Barić Ivo, Staufner Christian, Augoustides-Savvopoulou Persephone, Chien Yin-Hsiu, Dobbelaere Dries, Grünert Sarah C, Opladen Thomas, Petković Ramadža Danijela, Rakić Bojana, Wedell Anna, Blom Henk J
Department of Pediatrics, University Hospital Center Zagreb, Kišpatićeva 12, Rebro, 10000, Zagreb, Croatia.
University of Zagreb, School of Medicine, Zagreb, Croatia.
J Inherit Metab Dis. 2017 Jan;40(1):5-20. doi: 10.1007/s10545-016-9972-7. Epub 2016 Sep 26.
Inherited methylation disorders are a group of rarely reported, probably largely underdiagnosed disorders affecting transmethylation processes in the metabolic pathway between methionine and homocysteine. These are methionine adenosyltransferase I/III, glycine N-methyltransferase, S-adenosylhomocysteine hydrolase and adenosine kinase deficiencies. This paper provides the first consensus recommendations for the diagnosis and management of methylation disorders. Following search of the literature and evaluation according to the SIGN-methodology of all reported patients with methylation defects, graded recommendations are provided in a structured way comprising diagnosis (clinical presentation, biochemical abnormalities, differential diagnosis, newborn screening, prenatal diagnosis), therapy and follow-up. Methylation disorders predominantly affect the liver, central nervous system and muscles, but clinical presentation can vary considerably between and within disorders. Although isolated hypermethioninemia is the biochemical hallmark of this group of disorders, it is not always present, especially in early infancy. Plasma S-adenosylmethionine and S-adenosylhomocysteine are key metabolites for the biochemical clarification of isolated hypermethioninemia. Mild hyperhomocysteinemia can be present in all methylation disorders. Methylation disorders do not qualify as primary targets of newborn screening. A low-methionine diet can be beneficial in patients with methionine adenosyltransferase I/III deficiency if plasma methionine concentrations exceed 800 μmol/L. There is some evidence that this diet may also be beneficial in patients with S-adenosylhomocysteine hydrolase and adenosine kinase deficiencies. S-adenosylmethionine supplementation may be useful in patients with methionine adenosyltransferase I/III deficiency. Recommendations given in this article are based on general principles and in practice should be adjusted individually according to patient's age, severity of the disease, clinical and laboratory findings.
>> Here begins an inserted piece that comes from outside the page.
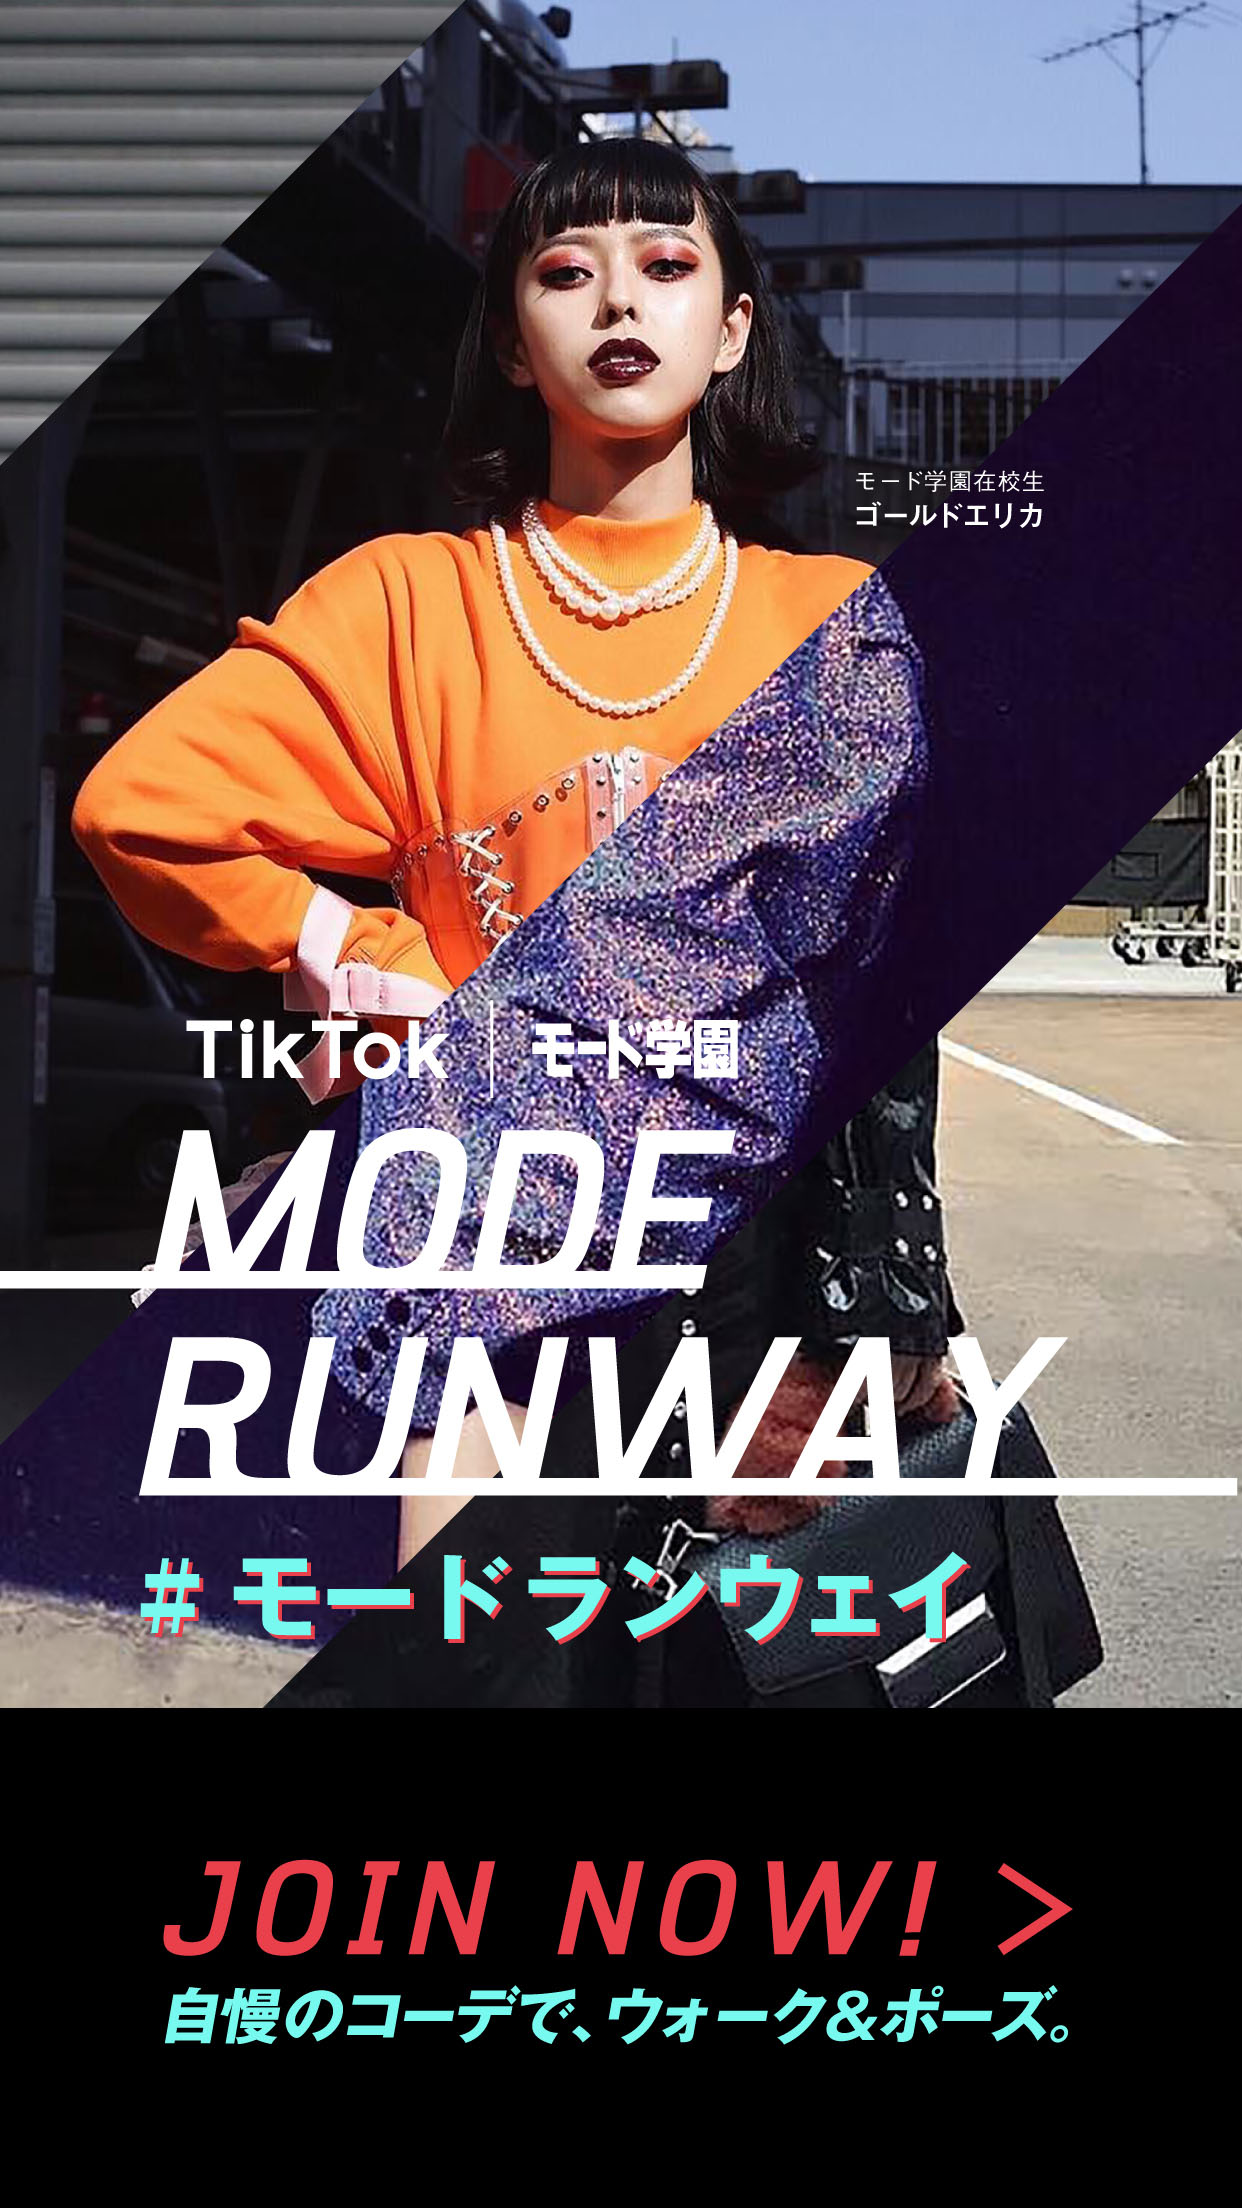 Tiktok モードランウェイ で自慢のコーデを投稿しよう あの有名tiktokerやモード学園在校生の個性あふれるコーデにも注目 学校法人 日本教育財団のプレスリリース

遗传性甲基化障碍是一组报道较少、可能在很大程度上未被诊断的疾病,影响蛋氨酸和同型半胱氨酸代谢途径中的转甲基过程。这些疾病包括蛋氨酸腺苷转移酶I/III、甘氨酸N-甲基转移酶、S-腺苷同型半胱氨酸水解酶和腺苷激酶缺乏症。本文首次提出了甲基化障碍诊断和管理的共识性建议。在检索文献并根据SIGN方法对所有报道的甲基化缺陷患者进行评估后,以结构化方式提供了分级建议,包括诊断(临床表现、生化异常、鉴别诊断、新生儿筛查、产前诊断)、治疗和随访。甲基化障碍主要影响肝脏、中枢神经系统和肌肉,但不同疾病之间以及同一疾病内部的临床表现可能有很大差异。虽然孤立性高蛋氨酸血症是这组疾病的生化标志,但并非总是存在,尤其是在婴儿早期。血浆S-腺苷蛋氨酸和S-腺苷同型半胱氨酸是孤立性高蛋氨酸血症生化诊断的关键代谢物。所有甲基化障碍患者都可能出现轻度高同型半胱氨酸血症。甲基化障碍不符合新生儿筛查的主要目标。如果血浆蛋氨酸浓度超过800μmol/L,低蛋氨酸饮食对蛋氨酸腺苷转移酶I/III缺乏症患者可能有益。有证据表明,这种饮食对S-腺苷同型半胱氨酸水解酶和腺苷激酶缺乏症患者也可能有益。补充S-腺苷蛋氨酸对蛋氨酸腺苷转移酶I/III缺乏症患者可能有用。本文给出的建议基于一般原则,在实践中应根据患者年龄、疾病严重程度、临床和实验室检查结果进行个体化调整。